The American Immigration Council (AIC) released a report about the potential cost of massively deporting undocumented migrants from the United States, which is a core campaign promise of Republican candidate Donald Trump.

It estimated that arresting, detaining, processing, and removing a million undocumented migrants each year would cost an annual total of $88 billion.
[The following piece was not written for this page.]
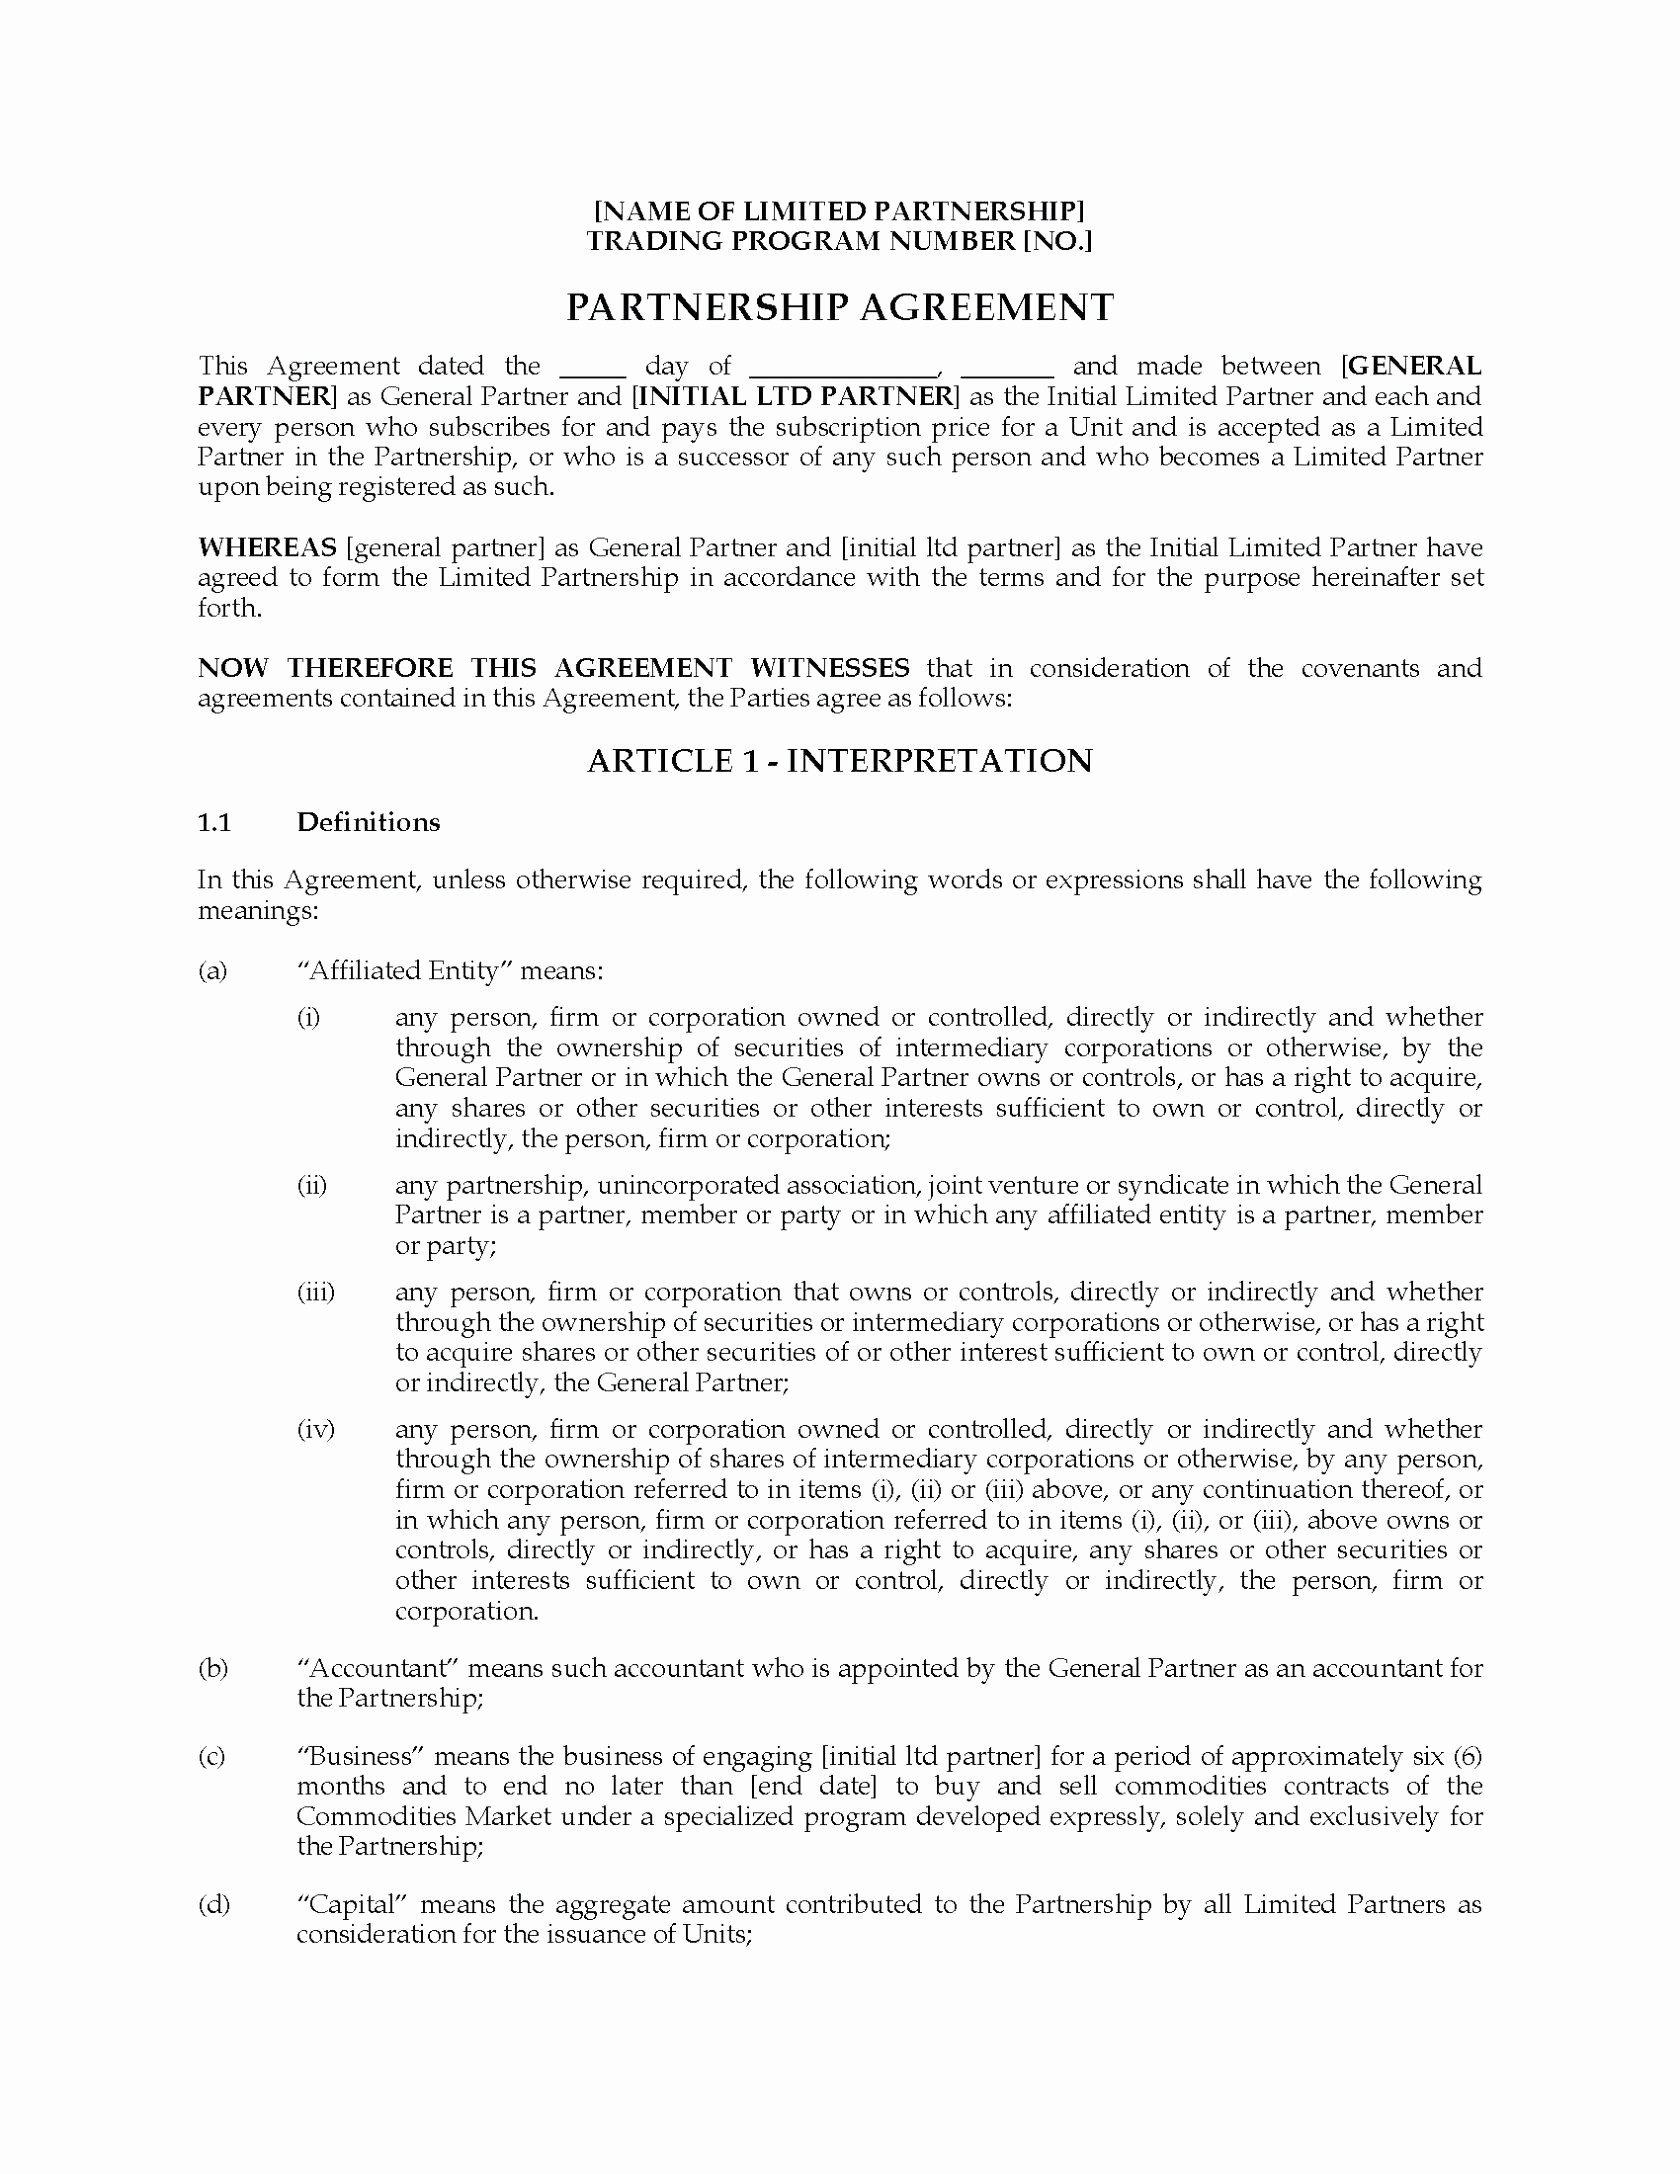 Memorandum Of Understanding Document Template New Agreement Sample Business

It would total at least $315 billion for a one-time operation and $967.9 billion for a decade-long campaign.

Deporting about 4 percent of the U.S. workforce would cause the nation’s gross domestic product to “drop anywhere from 4.2% to 6.8%,” the AIC found; that is more than during the 2007-2009 “Great Recession.”

The report’s scope did not extend to the harder-to-quantify costs to human rights and democratic institutions that a mass-deportation campaign might entail, or the harm to U.S. civil-military relations if such a campaign were to mobilize Defense Department resources and personnel.

The ACLU has filed suit in federal court to obtain results of a Freedom of Information Act request about federal government capacity, and potential costs, of a “mass deportation” effort.

The Associated Press fact-checked a column graph of U.S.-Mexico border migrant apprehensions that Republican candidate Donald Trump frequently displays at campaign events; he was gesturing at it when a would-be assassin’s bullet grazed his ear at a July campaign event. The chart includes errors and distortions, including a marker showing Trump leaving office in April 2020, the first full month of the COVID pandemic, when migration plummeted. Trump in fact left office in January 2021, after several months of increased migrant apprehensions.

Washington Post columnist Philip Bump rebutted claims, including those made by JD Vance in Tuesday’s vice-presidential candidates’ debate, that migrants are contributing to crime, fentanyl smuggling, and higher U.S. housing costs. PolitiFact, the Associated Press, and Melvis Acosta at Mother Jones addressed other spurious claims made in the debate, including Vance’s allegation that DHS has “effectively lost” 320,000 unaccompanied migrant children.

The Project on Government Oversight published allegations that DHS Inspector General Joseph Cuffari, a key official for oversight of border security agencies, has engaged in a prolonged effort to undermine investigations into his own misconduct, especially claims of whistleblower retaliation. Cuffari is under investigation by the Integrity Committee, a federal panel that oversees inspectors-general, for retaliating against whistleblowers who reported delays in DHS reports, including a report on migrant family separations.